Type 2 diabetes mellitus remains a critical metabolic disorder requiring novel therapeutic approaches. In this work, a library of 1-deazapurine derivatives was evaluated as α-glucosidase inhibitors through molecular docking with MOE software. The three top-ranked ligands—Methyl 6-(2-hydroxybenzoyl)-3-(2-phenylethyl)imidazo[4,5-b] pyridine-5-carboxylate (–6.1247 kcal/mol), 5-(furan-2-yl)-3-(4-methoxybenzyl)-2-phenyl-7- (trifluoromethyl)imidazo[4,5-b]pyridine (–5.7030 kcal/mol), and 3-[2-phenylethyl]-5-thio phen-2-yl-7-(trifluoromethyl)imidazo[4,5-b]pyridine (–5.5403 kcal/mol)—were further validated by molecular dynamics simulations. ADMET and drug-likeness predictions confirmed favourable pharmacokinetic behaviour, gastrointestinal absorption, and oral bioavailability. These findings highlight 1-deazapurines as promising scaffolds for developing new α-glucosidase inhibitors targeting type 2 diabetes.

1. Introduction

Type 2 diabetes mellitus (T2DM) is the predominant form of diabetes, characterised by chronic hyperglycaemia that predisposes patients to cardiovascular disease, renal dysfunction, neuropathy, and retinopathy. Global projections indicate that more than 700 million people may be affected by 2045 [1]. Vascular complications contribute significantly to mortality, making T2DM a major public health concern [2].
Among therapeutic strategies, alpha-glucosidase inhibitors (AGIs) are widely used to slow carbohydrate hydrolysis in the gastrointestinal tract, thereby moderating glucose absorption and postprandial glycaemia [3]. Compounds such as acarbose and miglitol are effective and generally safe, with additional cardiovascular benefits reported for acarbose [4]. However, their gastrointestinal side effects often limit patient adherence [5]. Other oral antidiabetic agents, although effective, are associated with hepatic toxicity, hypoglycaemia, or gastrointestinal discomfort after prolonged use [6]. These drawbacks emphasise the demand for alternative molecules with improved tolerability and efficacy.
The 1-deazapurine scaffold (imidazo[4,5-b]pyridine) has gained attention as a pharmacophore with diverse biological properties, including anticancer and anti-inflammatory activity [7]. Its structural analogy with purines explains its broad activity spectrum and highlights its potential as a basis for drug development [8].
In this context, fifteen derivatives of 1-deazapurines were evaluated as potential α-glucosidase inhibitors. Computational techniques—molecular docking, molecular dynamics, and ADMET analyses—were employed to identify ligands with strong binding affinity, assess stability within the enzyme active site, and predict pharmacokinetic suitability compared with existing therapeutic options.

2. Materials and Methods

2.1. Ligand Preparation

Fifteen derivatives of 1-deazapurines (L1–L15) were designed and sketched using MOE 2014 software [9]. Their chemical diversity arises from variations such as methyl, tert-butyl, phenyl, methoxybenzyl, hydroxyphenyl, and thiophenyl substituents placed on the imidazo[4,5-b]pyridine core (Figure 1). Energy minimisation of all ligands was performed using MOPAC with the AM1 method.

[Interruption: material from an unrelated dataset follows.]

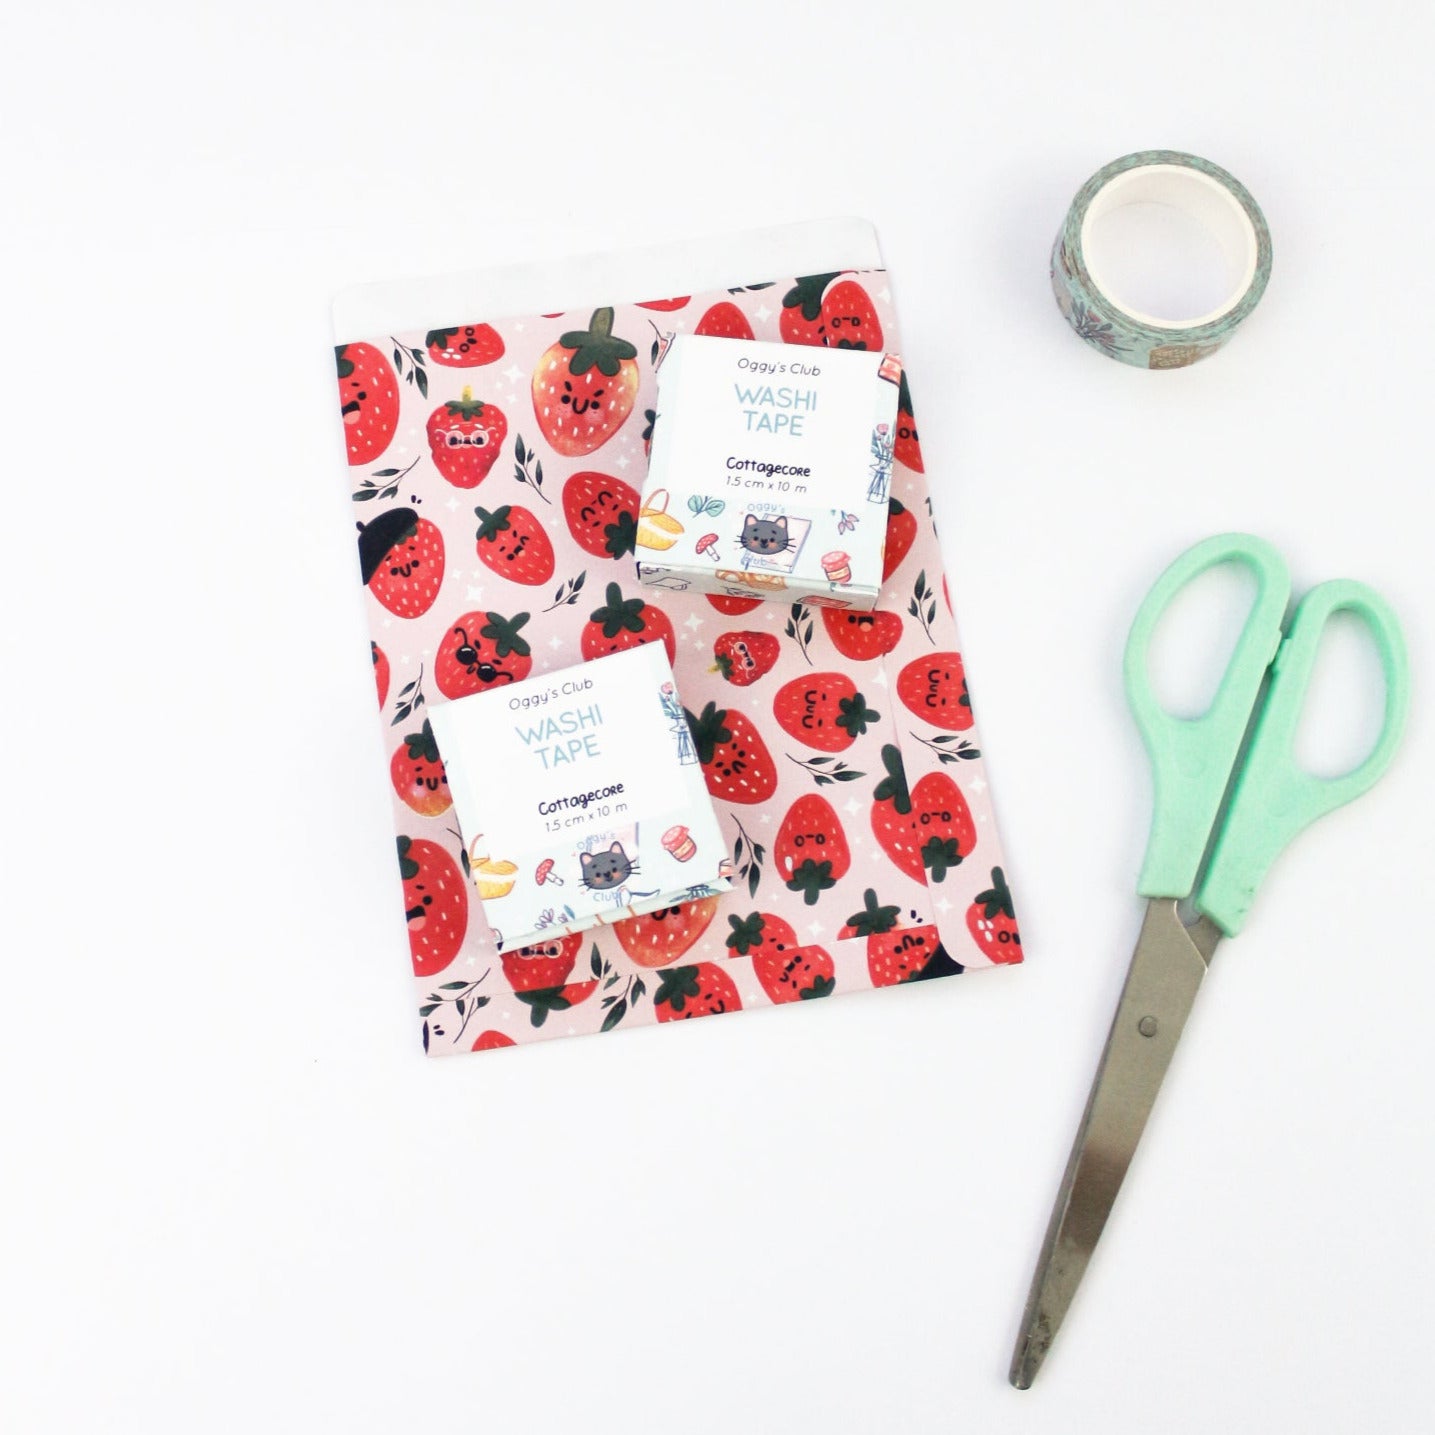 Strawberries gift bags - Birthday gift wrapping

2.2. Protein Preparation and Docking Validation

The crystal structure of alpha-glucosidase (PDB ID: 3L4Y; resolution 1.80 Å) was retrieved from the Protein Data Bank. Missing residues were refined with UCSF Modeller [10]. All water molecules and extraneous chains were removed, and the protein was protonated at pH 7.0 before energy minimisation using the MMFF94x force field.
Binding sites were identified with the MOE Site Finder module. Method validation was achieved by re-docking the native ligand (NR4), which reproduced the experimental pose with an RMSD of 1.33 Å, confirming the robustness of the docking protocol [11,12].

2.3. Prediction of Pharmacokinetic Properties

ADMET features were estimated using the pkCSM server [13], covering gastrointestinal absorption, blood–brain barrier passage, cytochrome P450 inhibition, and toxicity endpoints [14]. Drug-likeness was further checked via SwissADME according to Lipinski [15], Veber [16], Ghose [17], Egan [18], and Muegge [19] rules. The BOILED-Egg model predicted both intestinal absorption and brain penetration [20].

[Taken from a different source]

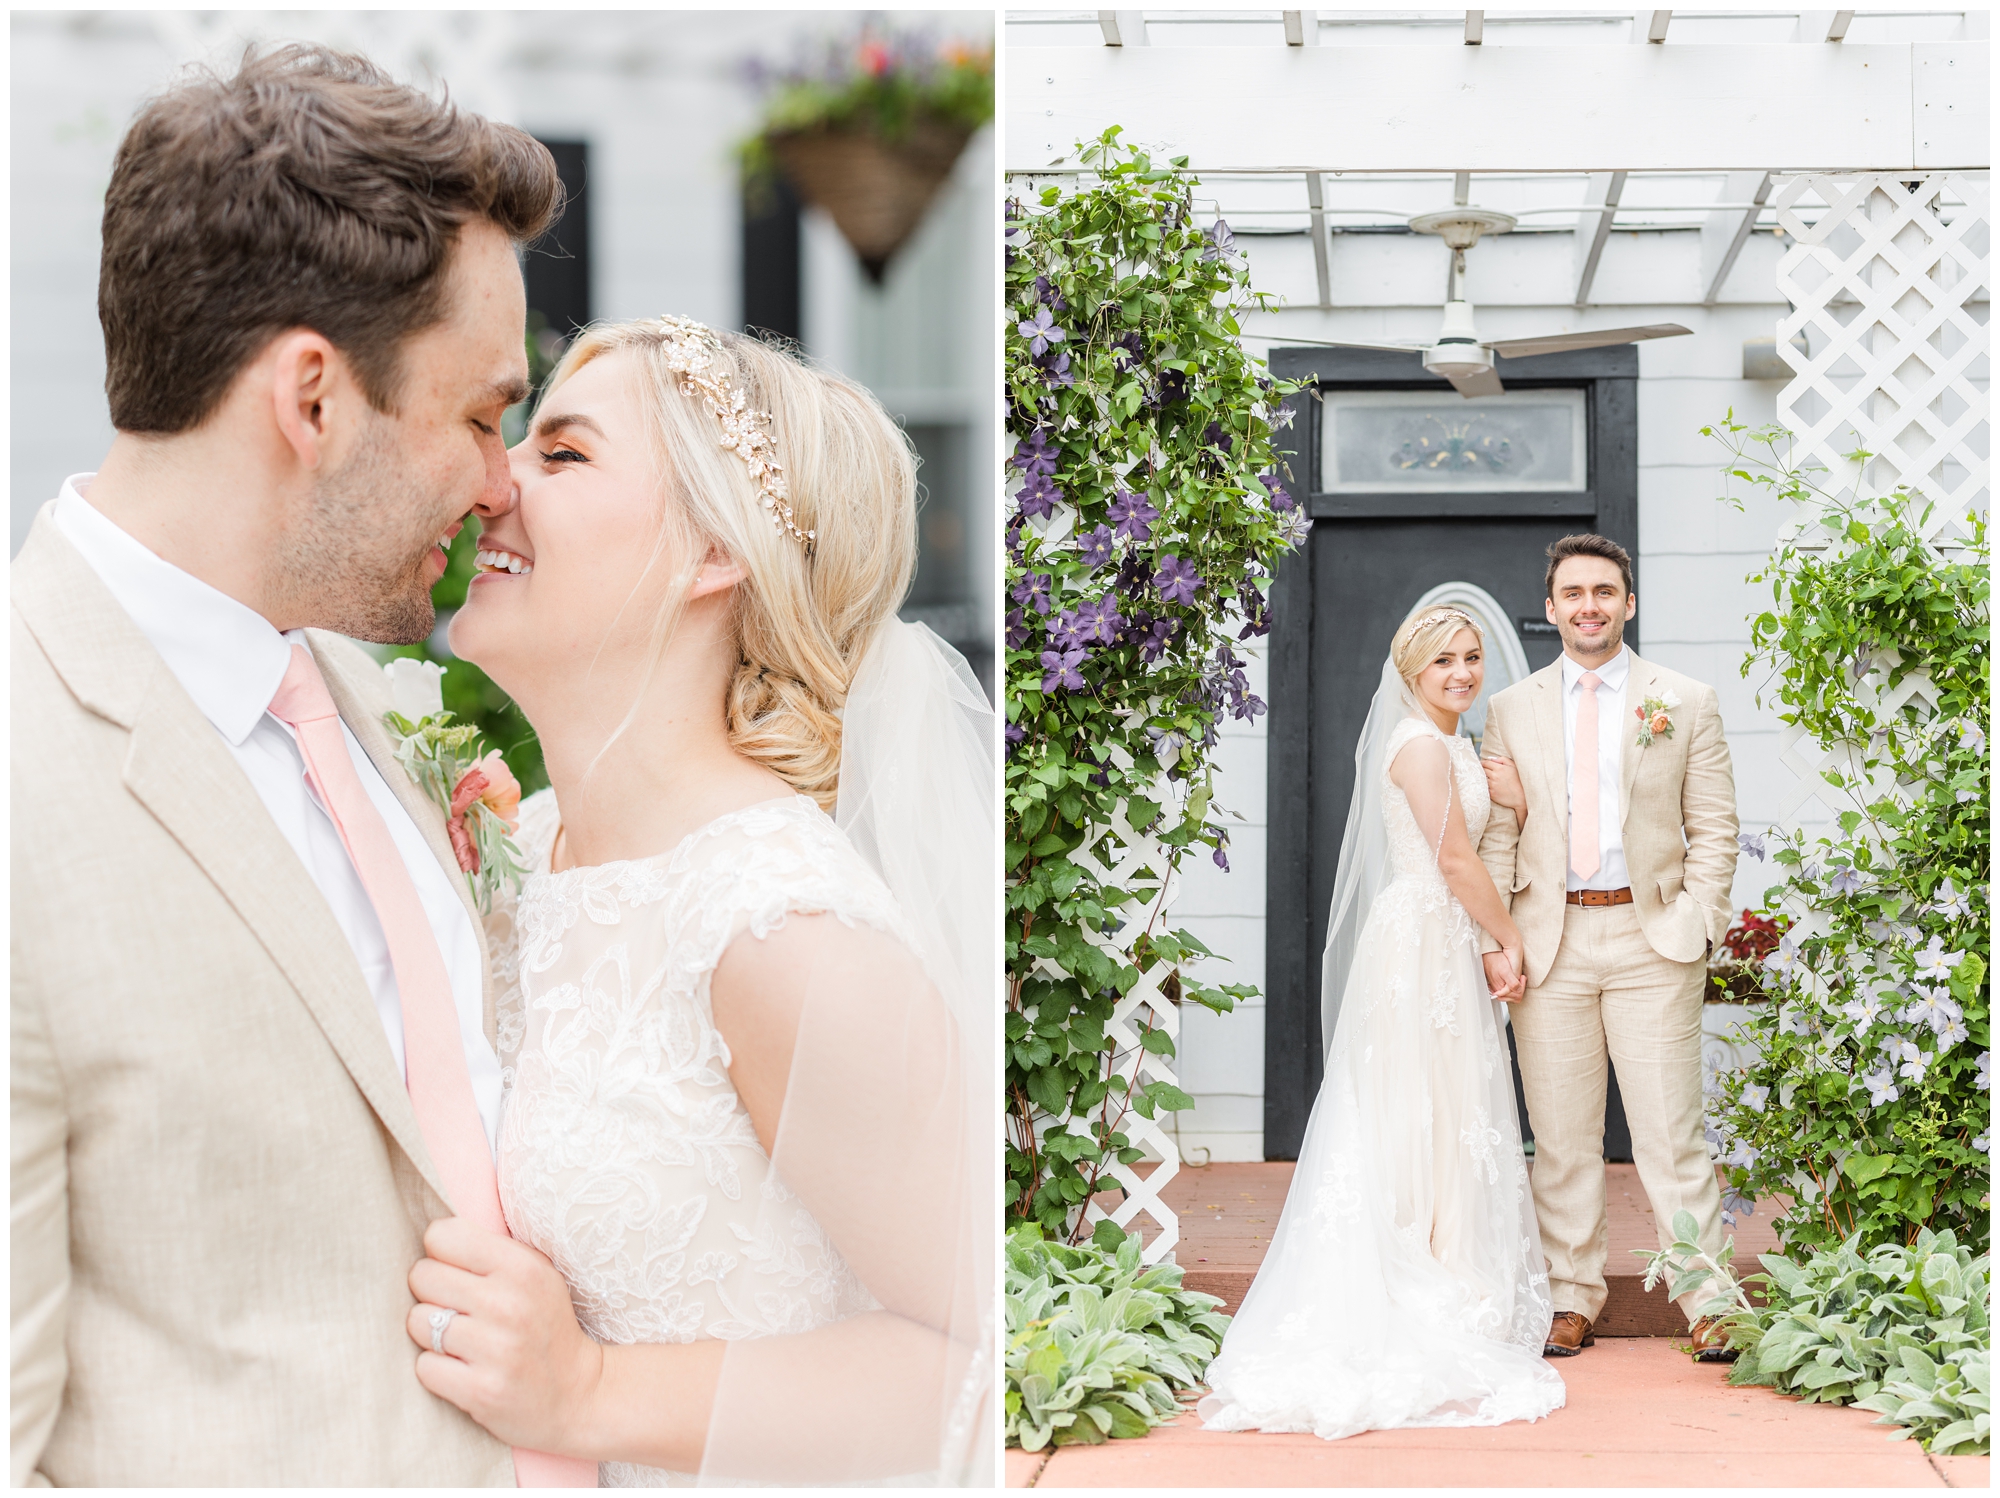 The bride and groom kiss in a portrait. In the second photo, the bride and groom pose in a portrait.

2.4. Molecular Dynamics Simulations

The stability of ligand–protein complexes was evaluated through molecular dynamics (MD) simulations. For the best-ranked ligands, trajectories were analysed to assess conformational stability, hydrogen-bond persistence, and dynamic behaviour within the binding pocket [21].

3. Results and Discussion

3.1. Docking Outcomes and Binding Affinities

Molecular docking analyses demonstrated pronounced differences in the binding affinities of the 1-deazapurine derivatives towards α-glucosidase (PDB: 3L4Y). Calculated binding energies ranged from −6.12 to −4.22 kcal/mol, with three compounds—L14, L11, and L4—consistently emerging as the top performers. Among them, L14 (methyl 6-(2-hydroxybenzoyl)-3-(2-phenylethyl)imidazo[4,5-b]pyridine-5-carboxylate) exhibited the most stable complex (−6.12 kcal/mol), followed by L11 (−5.70 kcal/mol) and L4 (−5.54 kcal/mol). These binding energies surpass those of several established α-glucosidase inhibitors reported in the literature [21,22]. Stabilisation of these ligand–enzyme complexes was primarily driven by π–π stacking interactions, extensive hydrogen bonding with key residues, and hydrophobic contacts within the active site.
The validation step, based on re-docking of the native ligand NR4, yielded an RMSD of 1.33 Å, confirming methodological reliability. This agreement ensures that the docking protocol can capture both orientation and binding strength with acceptable accuracy [23].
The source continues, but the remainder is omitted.